William Blagheen (born c. 1832, date of death unknown), also known as William Blagden, was a Union Navy sailor in the American Civil War and a recipient of the U.S. military's highest decoration, the Medal of Honor, for his actions at the Battle of Mobile Bay.

==Biography==
Born in 1832 in Devon, England, Blagheen immigrated to the United States and was living in New York City when he joined the U.S. Navy. He served during the Civil War as a ship's cook on the . At the Battle of Mobile Bay on August 5, 1864, he helped supply ammunition to Brooklyns guns as part of the ship's powder division. He remained at his position near the shell whips (devices used to lift artillery shells up to the gun deck) despite heavy fire. For this action, he was awarded the Medal of Honor four months later, by General Order 45 dated December 31, 1864.

Blagheen deserted the same month his medal was issued, and apparently returned to New York. He is known to have applied for a pension in late 1890, which was rejected on account of his desertion.

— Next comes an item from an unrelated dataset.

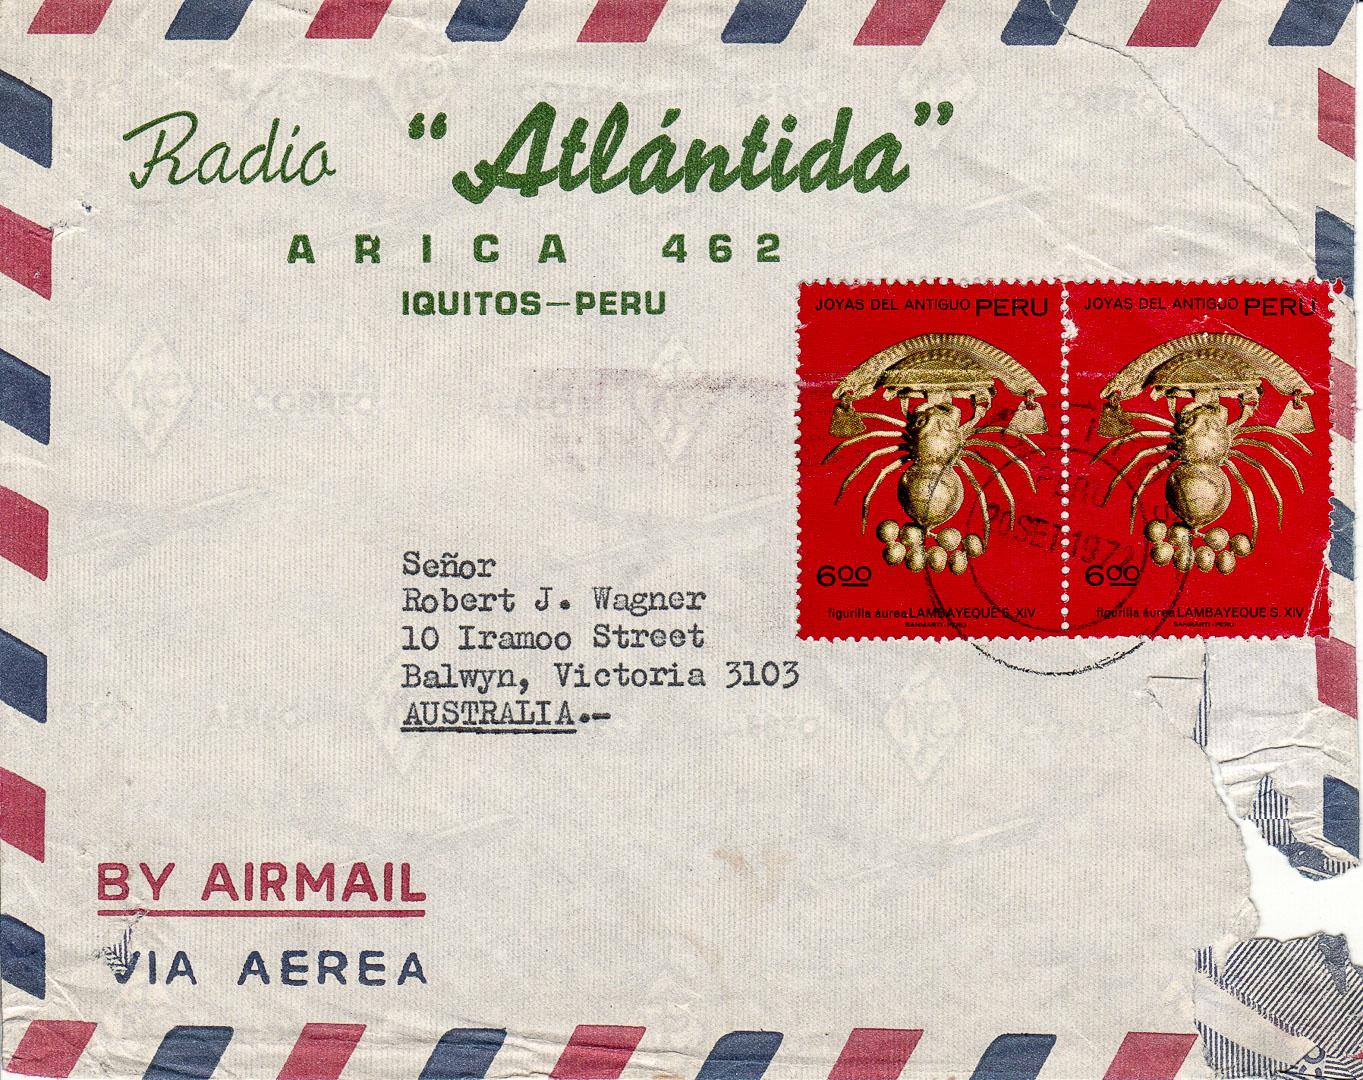 Radio atlantida floripa online dating
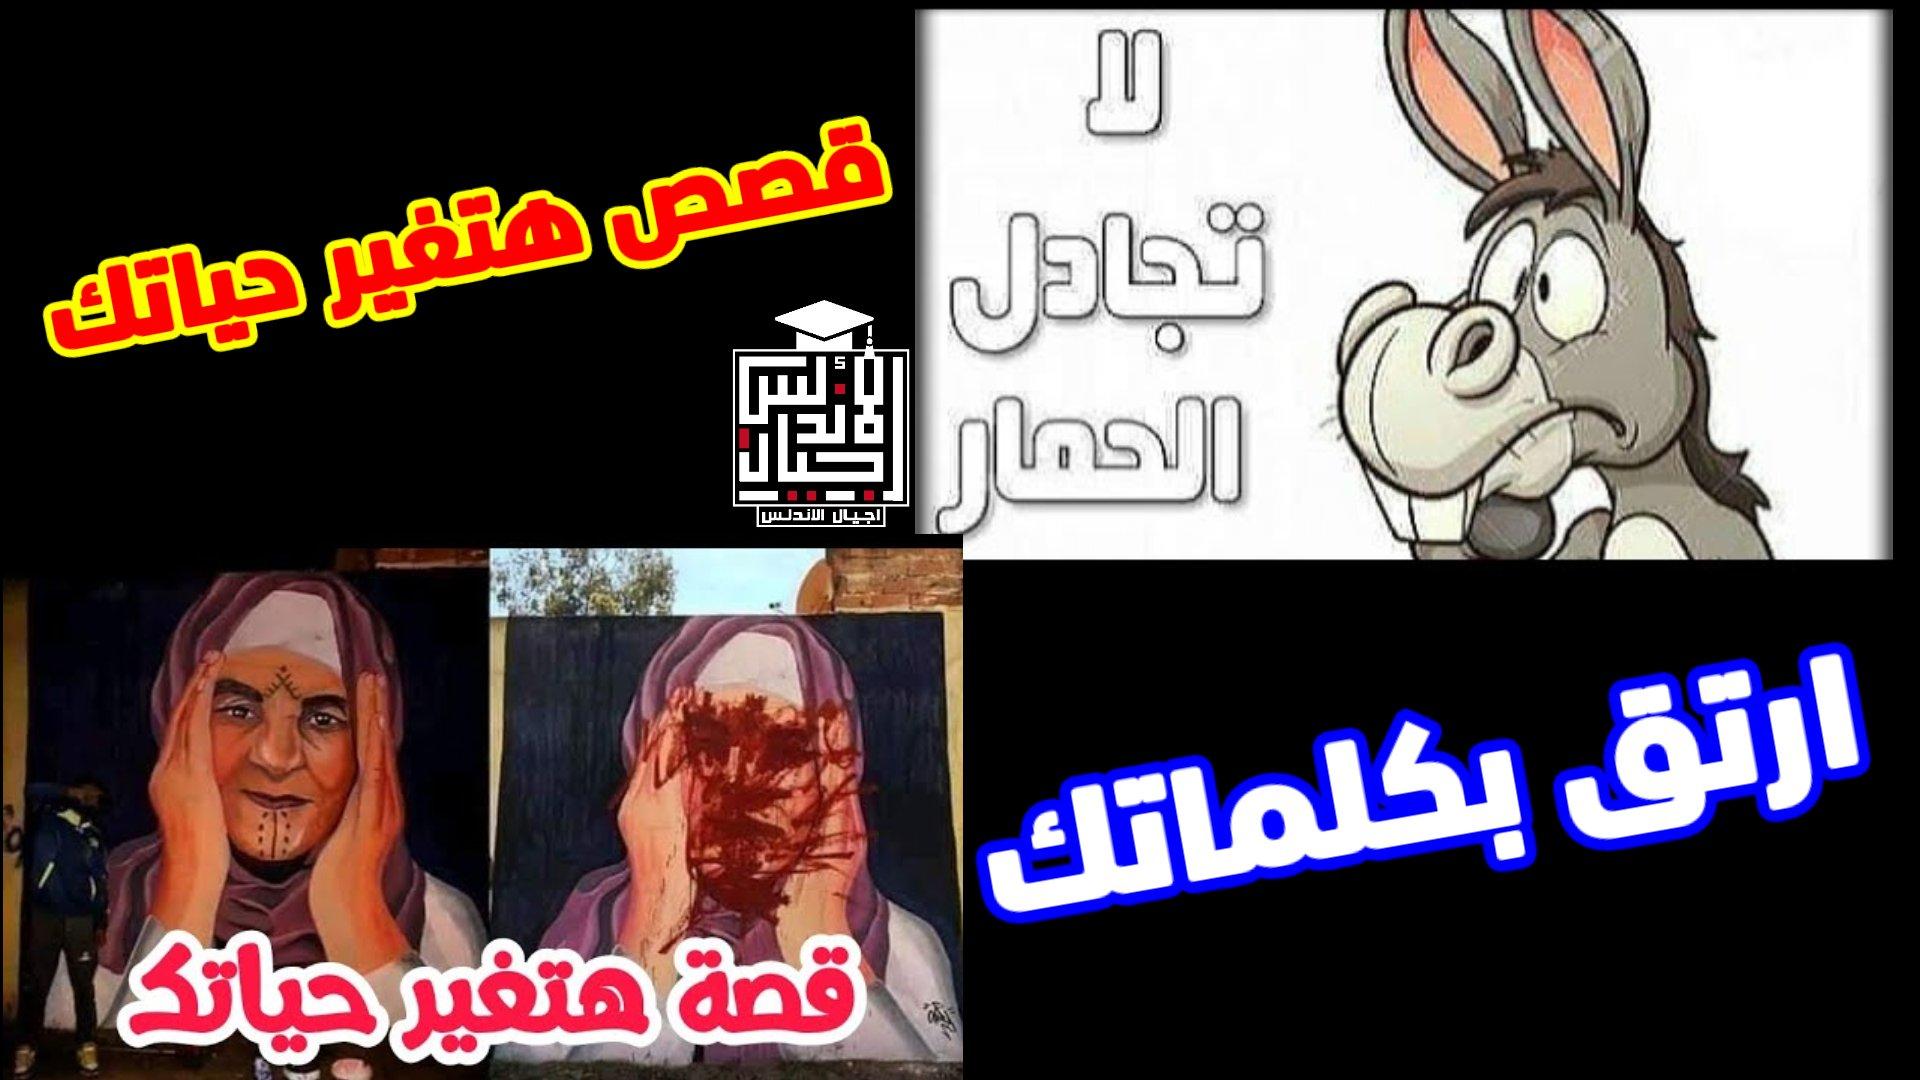 قصص واقعيه - لاتجادل الحمار قصه هتغير حياتك - اجيال الاندلس

Blagheen's official Medal of Honor citation reads:
On board the U.S.S. Brooklyn during successful attacks against Fort Morgan, rebel gunboats and the ram Tennessee in Mobile Bay, on 5 August 1864. Stationed in the immediate vicinity of the shell whips which were twice cleared of men by bursting shells, Blagheen remained steadfast at his post and performed his duties in the powder division throughout the furious action which resulted in the surrender of the prize rebel ram Tennessee and in the damaging and destruction of batteries at Fort Morgan.